Black locoust grows almost as quickly as the poplar x cottonwood hybrid and puts out much more heat, and is root suckering as well.
-Ralph


----------



## Kneejerk Bombas (Jan 22, 2007)

I wouldn't think Locust would be fast at making wood, although they get tall fast, the growth rings are tiny.


----------



## Sprig (Jan 22, 2007)

Before I relocated to where I live now we had a 2+ acre woodlot of red alder, cut about 2-3 cords out of it each year for almost 10 years, barely a dent. Fast growing and water loving, self seeding, good to cut up after 8-12 years and I enjoyed the warmth as it burned nicely (but fast) when fully seasoned.

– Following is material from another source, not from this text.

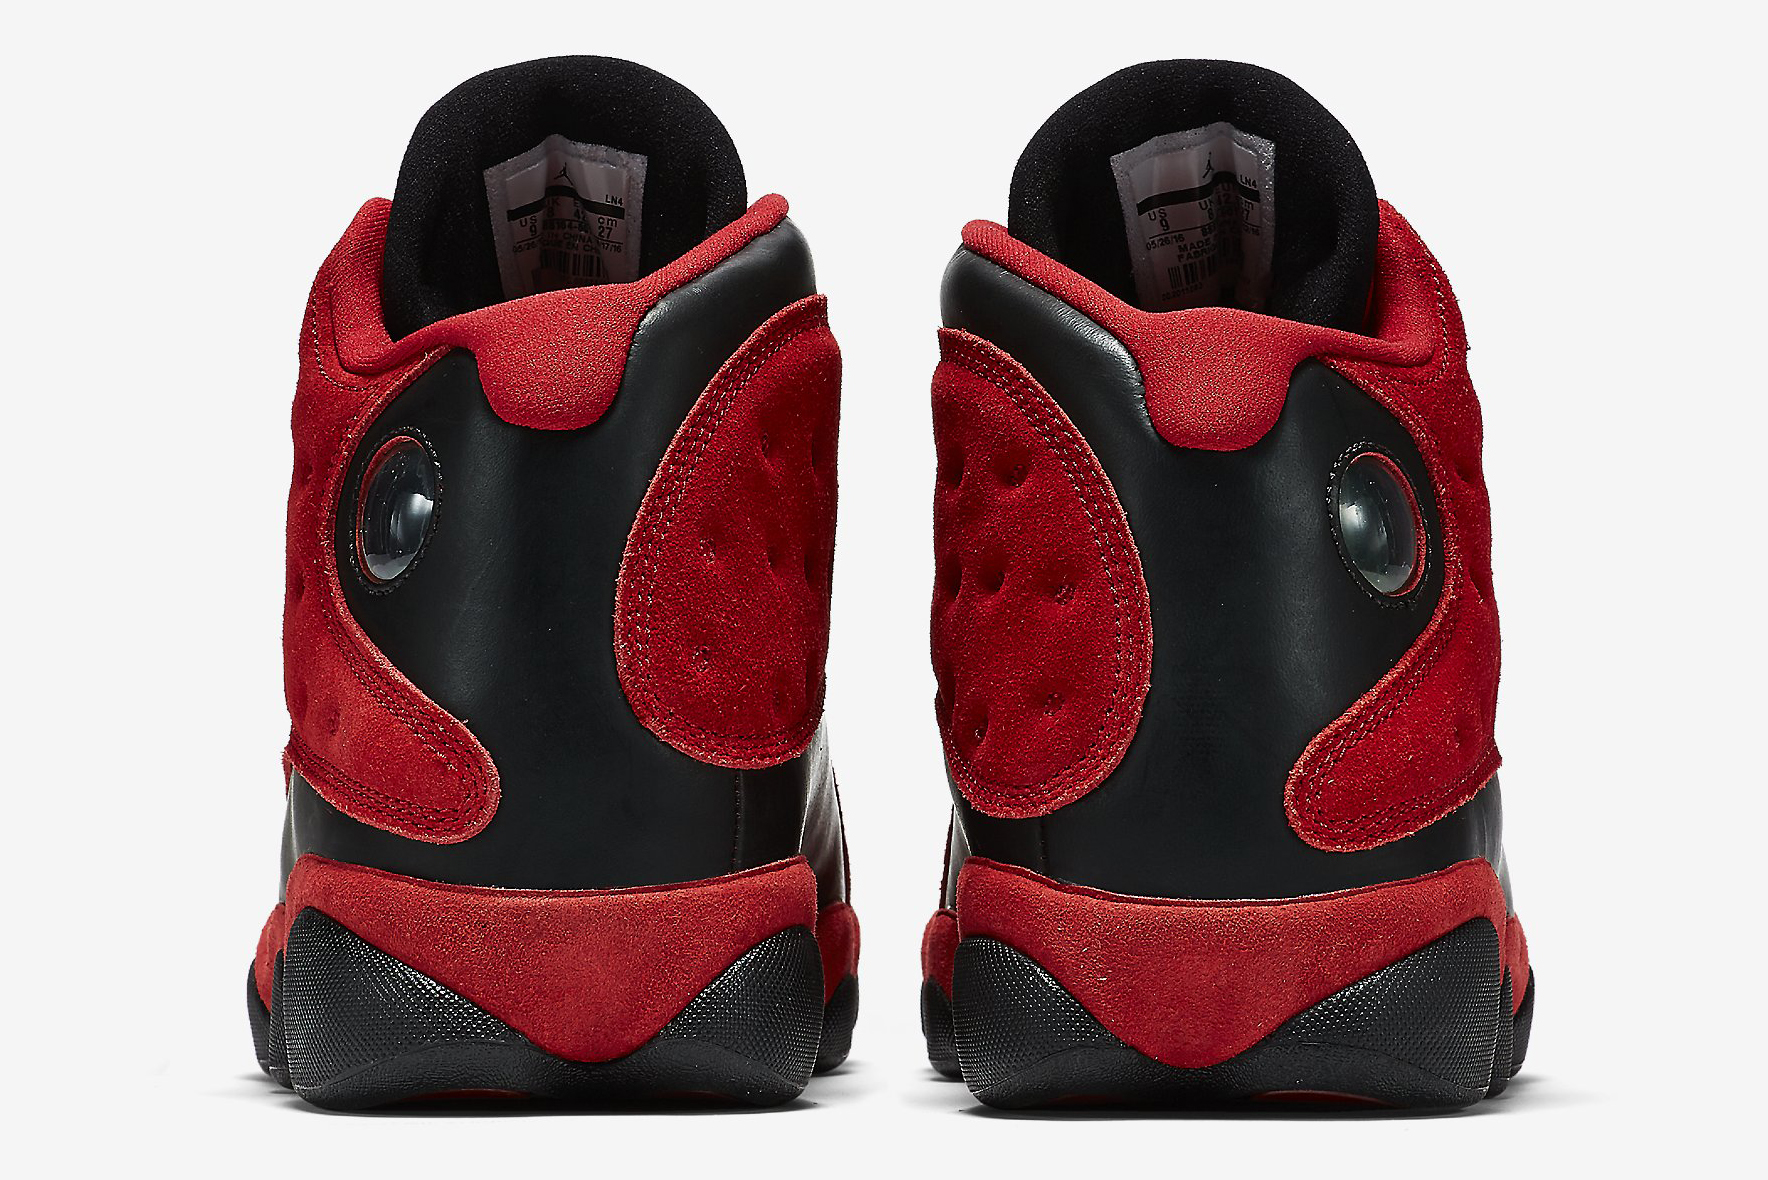 6e111bee6d1183 Image via Nike Singles Day Air Jordan 13 888164-601 Heel
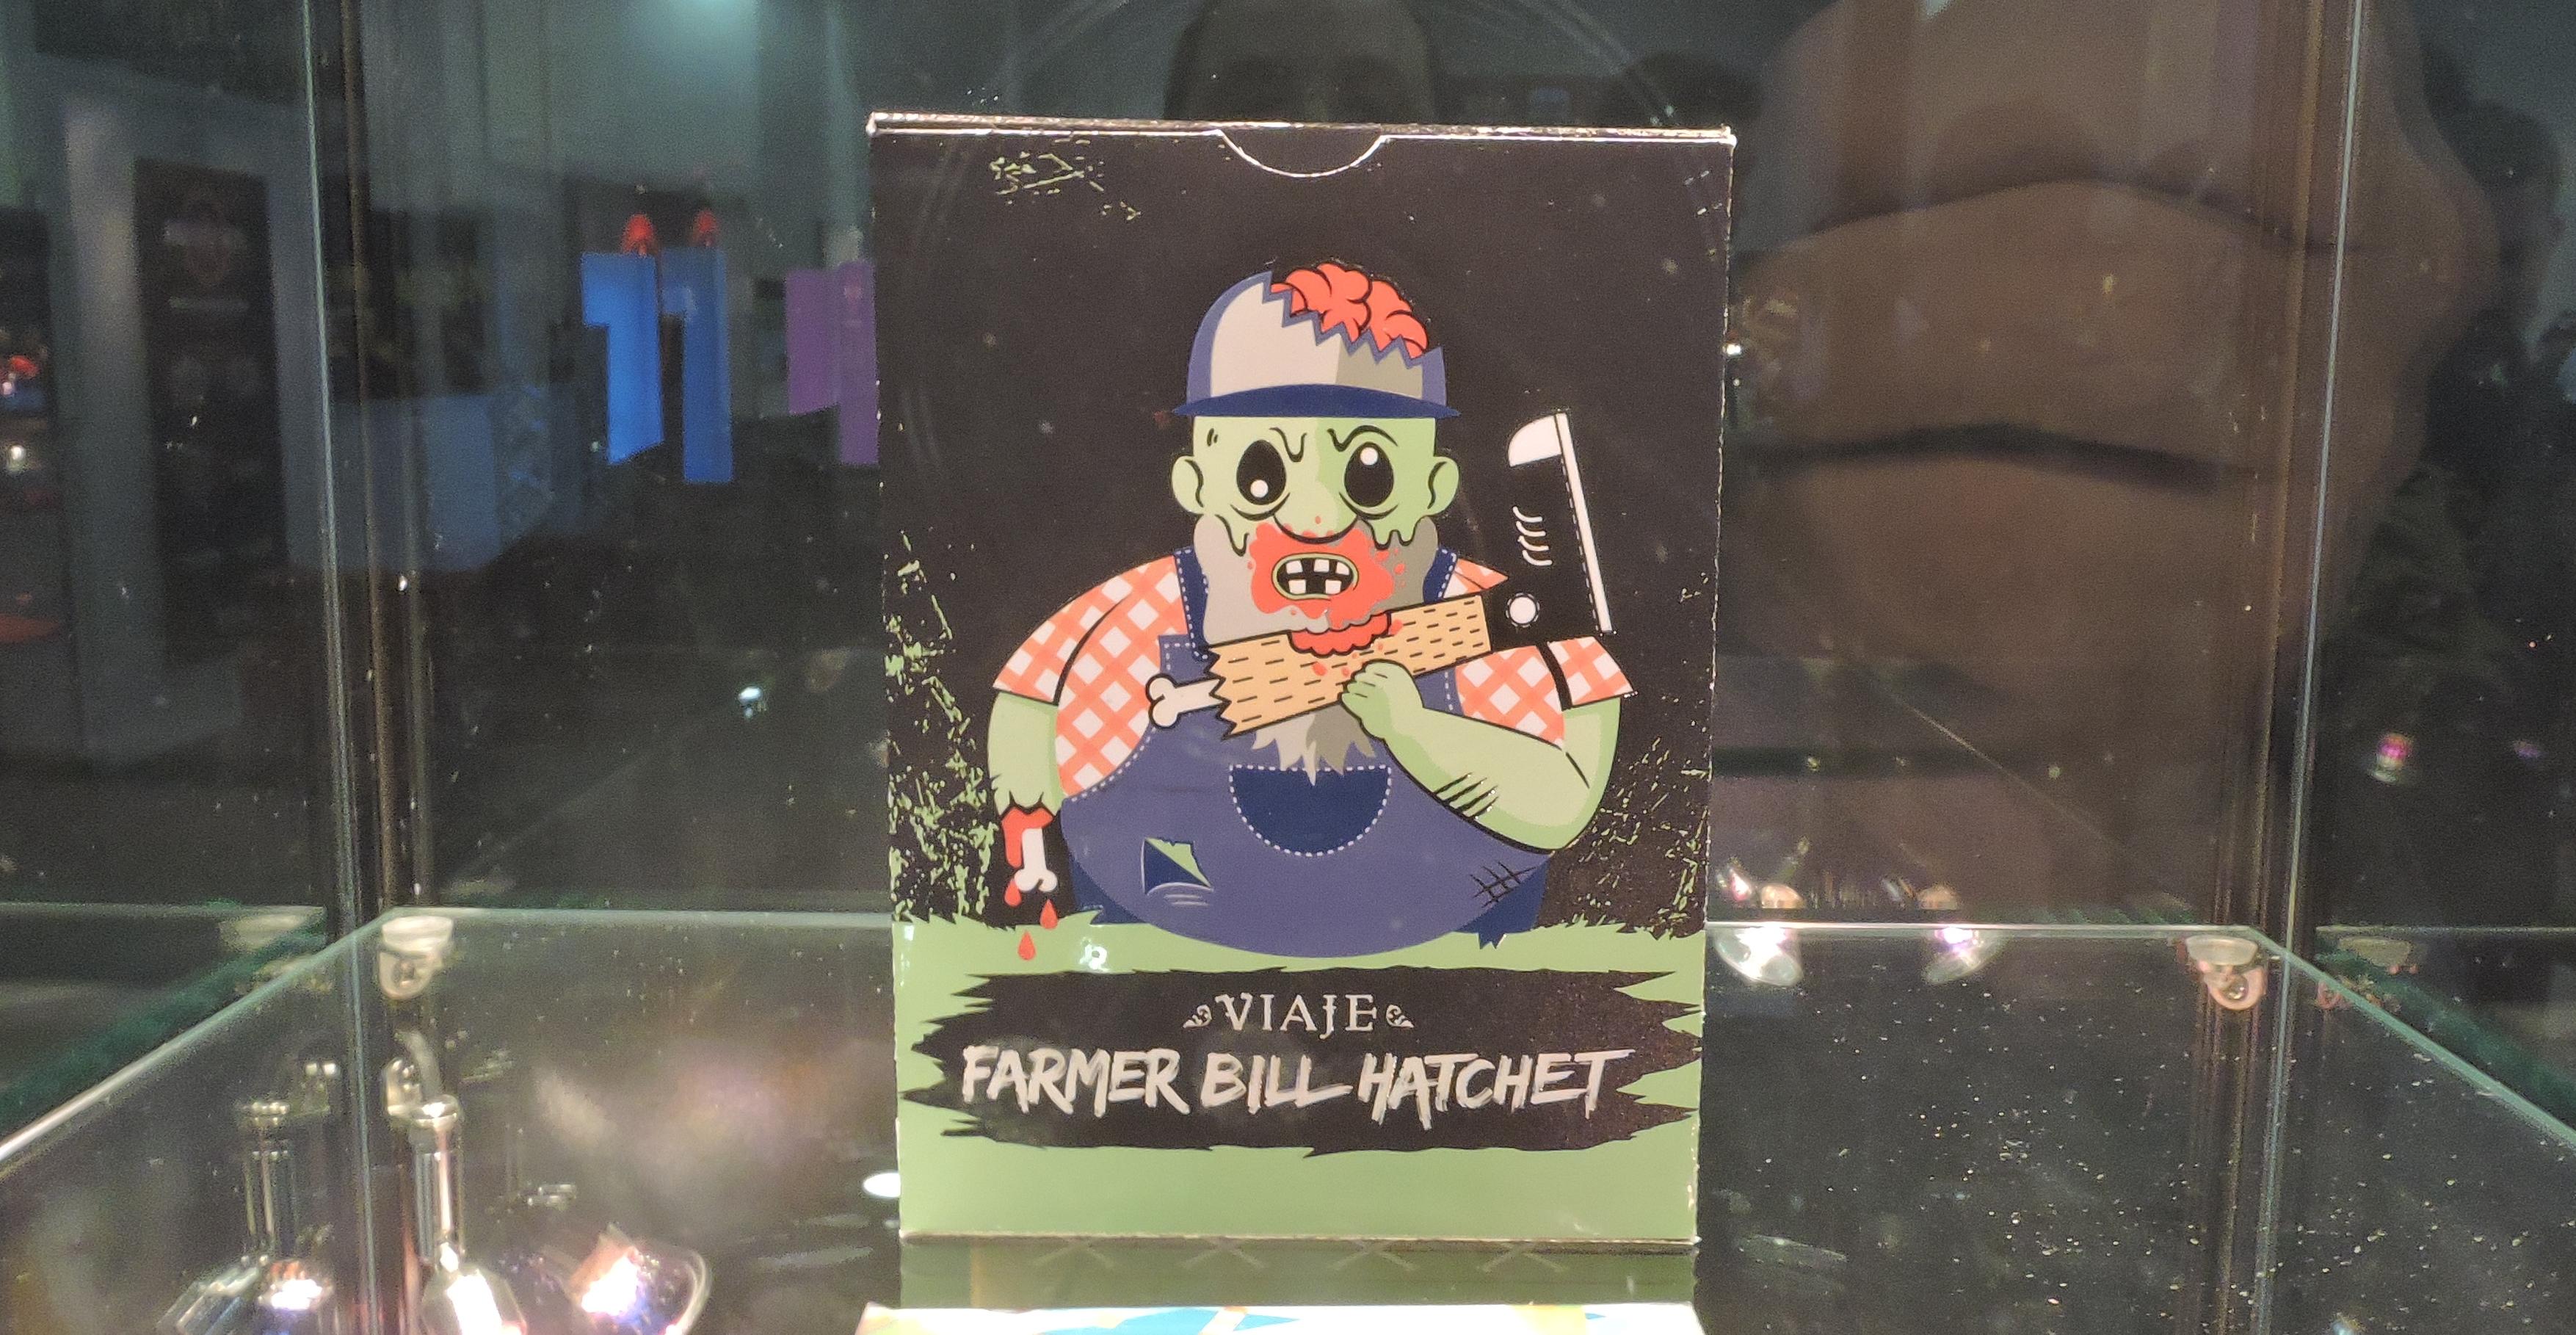 viaje_farmer_bill_hatchet_zombie

I guesstimate the ones I was dropping were about 20yrs old, 1 1/2-2' dbh. We use to leave a pile in the rain for over-nighters but also had lots of doug-fir to mix it with. Downside is a lot of creosote so monthly chimney cleaning was a rule of thumb.
(edit) Given a choice and were it my own land I'd have put in a good stand of maple as well (one of my favorite cold weather woods ta burn).


----------



## begleytree (Jan 22, 2007)

Mike Maas said:


> I wouldn't think Locust would be fast at making wood, although they get tall fast, the growth rings are tiny.



maybe a bit slower but you'll get more heat out of an 8" chunk of locoust than out of a 12" chunk of poplar/cottonwood. 
and maybe length of season factors in as well, around here, locoust rings are smaller than poplar, but not at all tiny.
-Ralph


----------



## Tree Slayer (Jan 22, 2007)

Had a customer a few years ago that planted them for firewood. He didn't take them down when he should have and had to pay me to cut and haul them away. They really do stink for wood and there stumps are a pain to grind, side roots everywhere.


----------